White supremacists, French saints and Italian explorers aren’t the only ones whose statues are controversial.  In 1885 a statue was erected in Reading, Pennsylvania in honor of a local philanthropist named Frederick Lauer. It was the first public honor of its kind in the community.  In the 1920s Prohibitionists called for the statue’s removal because Lauer was (shudder) a brewer.  In 2015 opponents went a step further and actually vandalized the Lauer statue.  It has since been restored thanks largely to the generosity of local and regional breweries. 

Prohibitionists don’t just oppose statues honoring brewers; they have also put up statues honoring champions of their cause.
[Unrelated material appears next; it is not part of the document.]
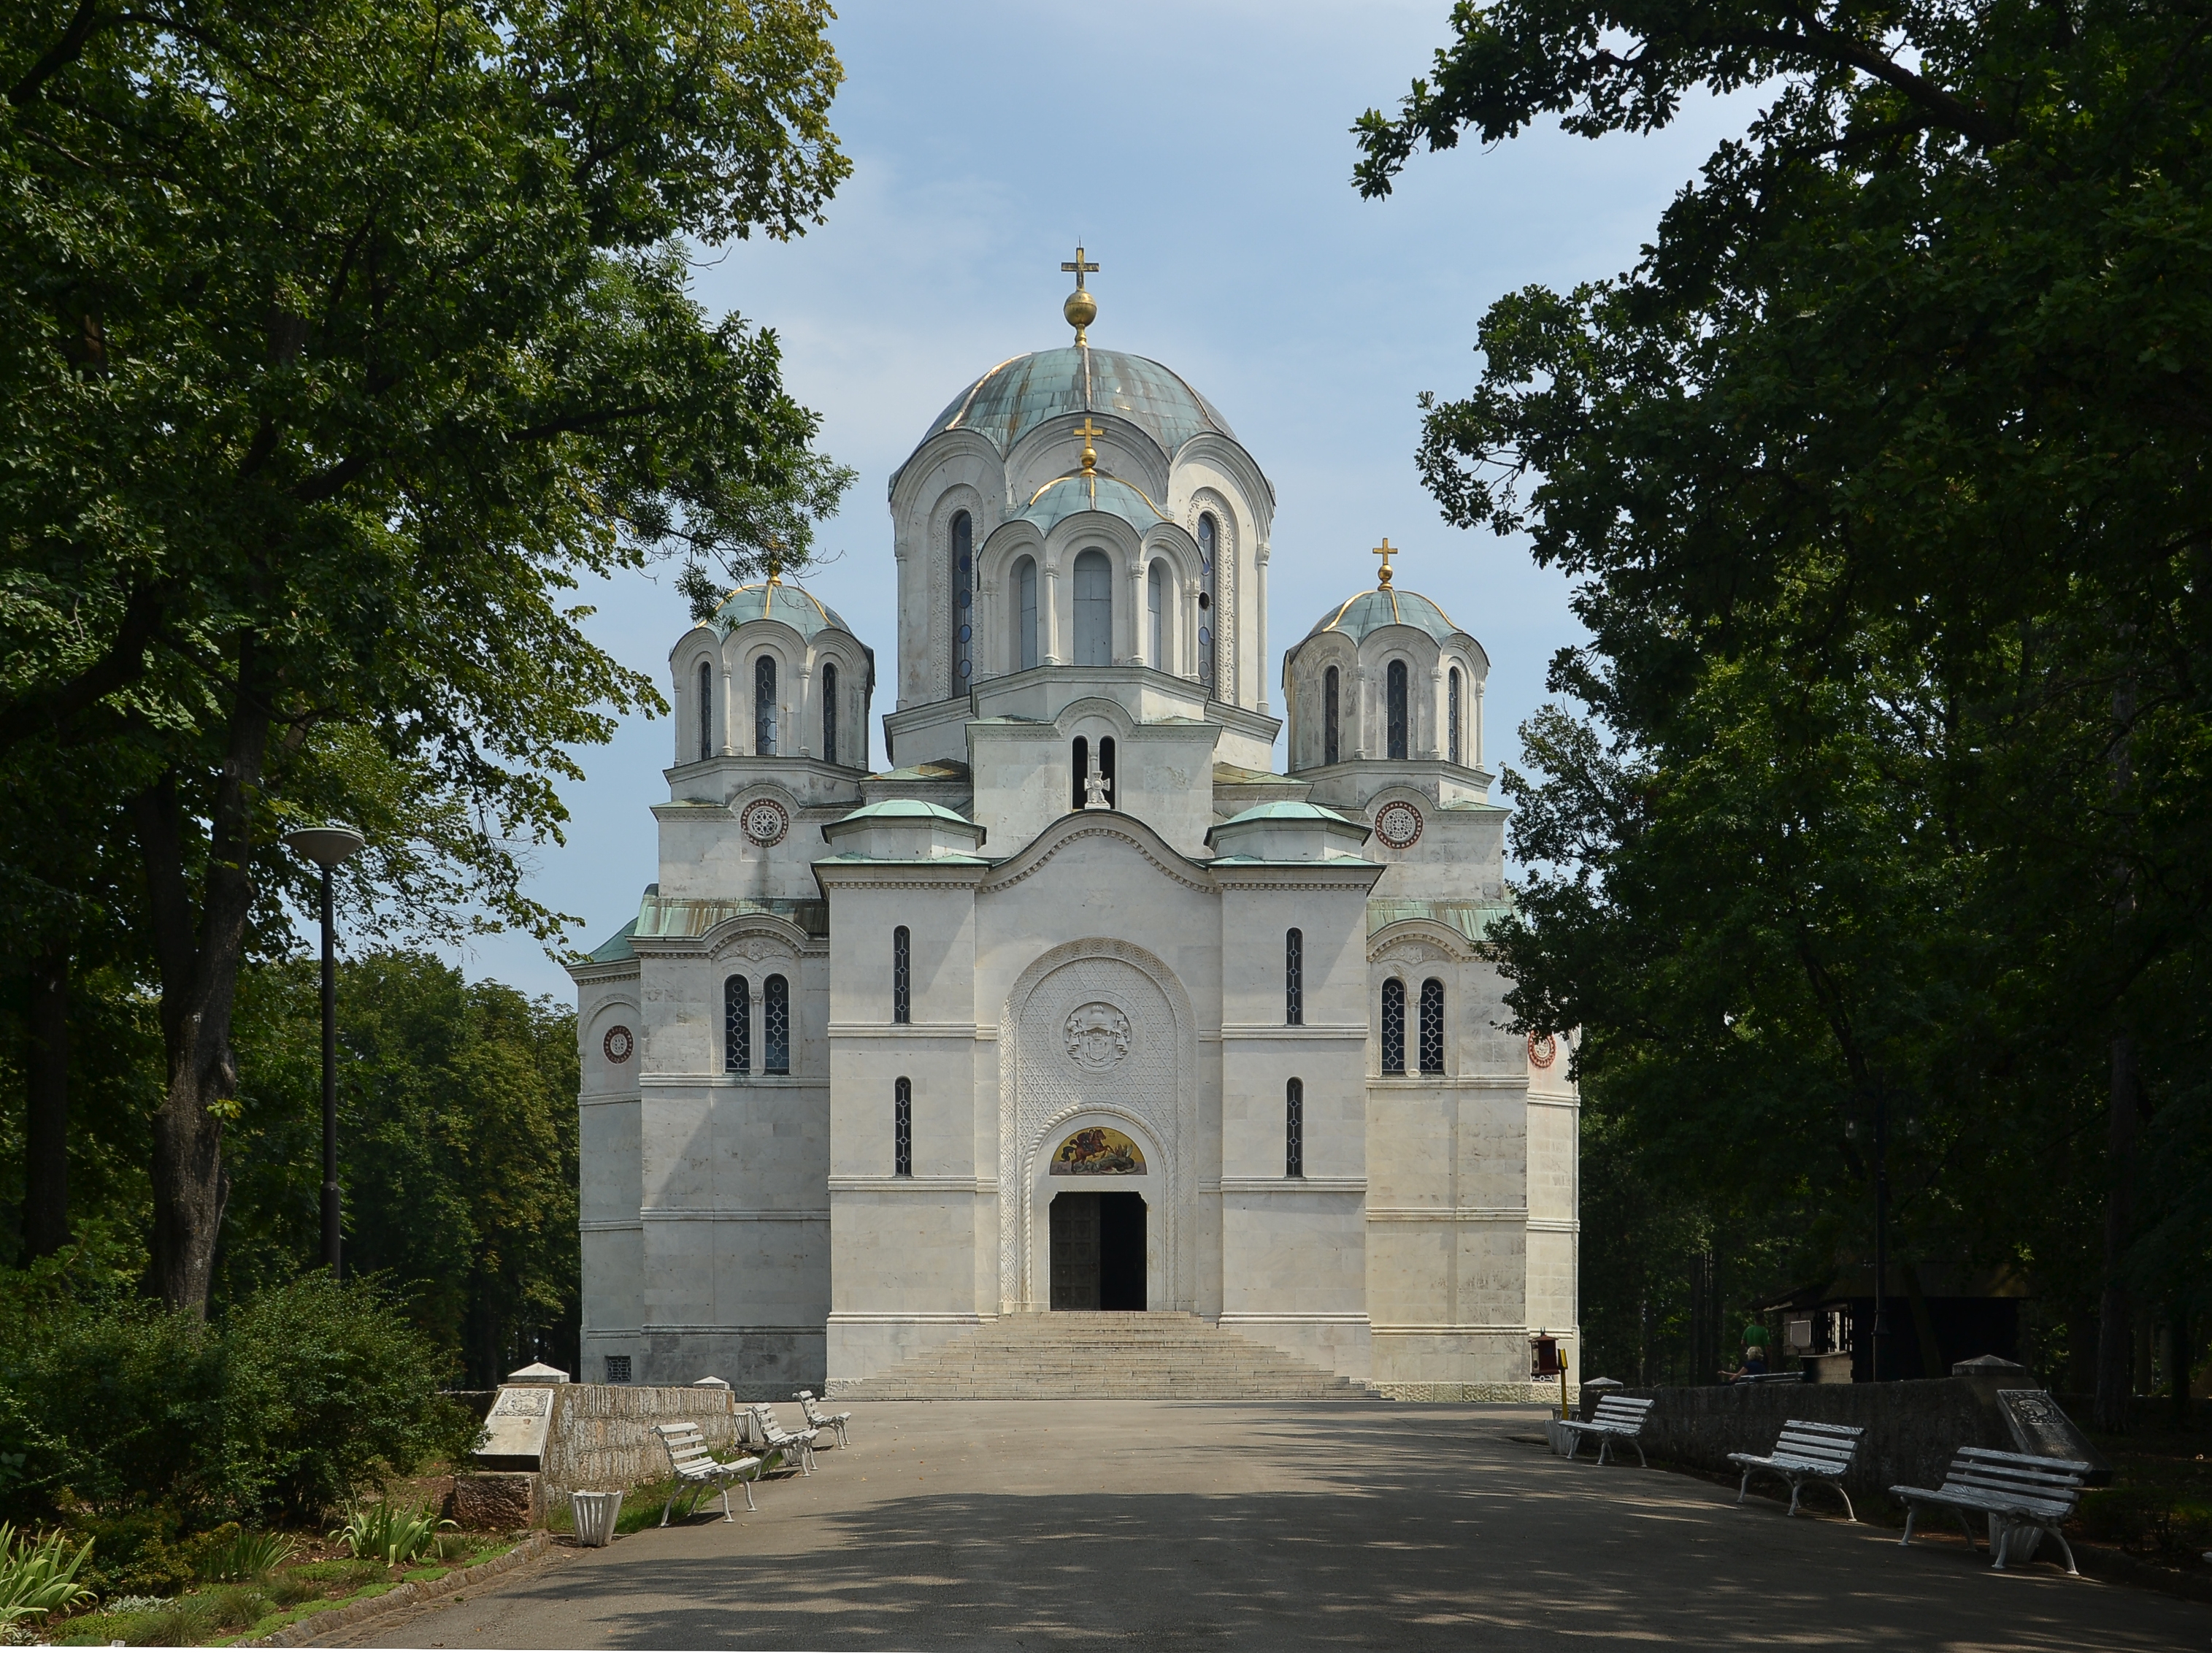 Church of St. George in Topola (by Pudelek)

Last year the Cornerstone World Outreach Church in Sioux City, Iowa installed a statue commemorating the Reverend George Haddock, a Methodist minister who hated liquor.  The Reverend Haddock died on August 3, 1886, when he was allegedly shot by a brewery foreman named John Arsendorf.  Arsendorf was tried twice, acquitted and reportedly went out drinking with the jury to celebrate his acquittal.

When Melisande Short-Colomb walked through the main gate at Georgetown for the first time, she would have faced two gun barrels pointed right at her.  My guess is, she didn’t feel terribly threatened.  The guns aimed at her were cannons that had reportedly been salvaged from the Spanish Armada in 1588.  They came to what is now the United States on the Ark and the Dove, two ships that brought the original English settlers (including three Jesuits) to Maryland in 1634.  The fact that the cannons hadn’t been fired in nearly three centuries did not stop an anti-Catholic publication from claiming they part of a Jesuit threat to the United States.  Seriously. During the 1928 presidential campaign of Al Smith (a Catholic and an opponent of Prohibition), the journal in question accused the Jesuits at Georgetown of having their guns trained on the United States Capitol (five miles away).

The cannons are in front of the Healy Building, the most prominent building on the Georgetown campus.  It’s named for Patrick Francis Healy, who was the president of the university from 1874 to 1882, during which time he arguably had a more transforming effect on the campus than any president before or since.  What has not been widely reported amidst all the coverage of the 272 slaves sold in 1838 is that Healy was born into slavery in 1834, making him the same age as some of those who were sold.  He was the first African-American to earn a PhD and the first to become president of a predominantly white college in the United States.  He would most certainly have applauded Ms. Short-Colomb’s enrollment at his university.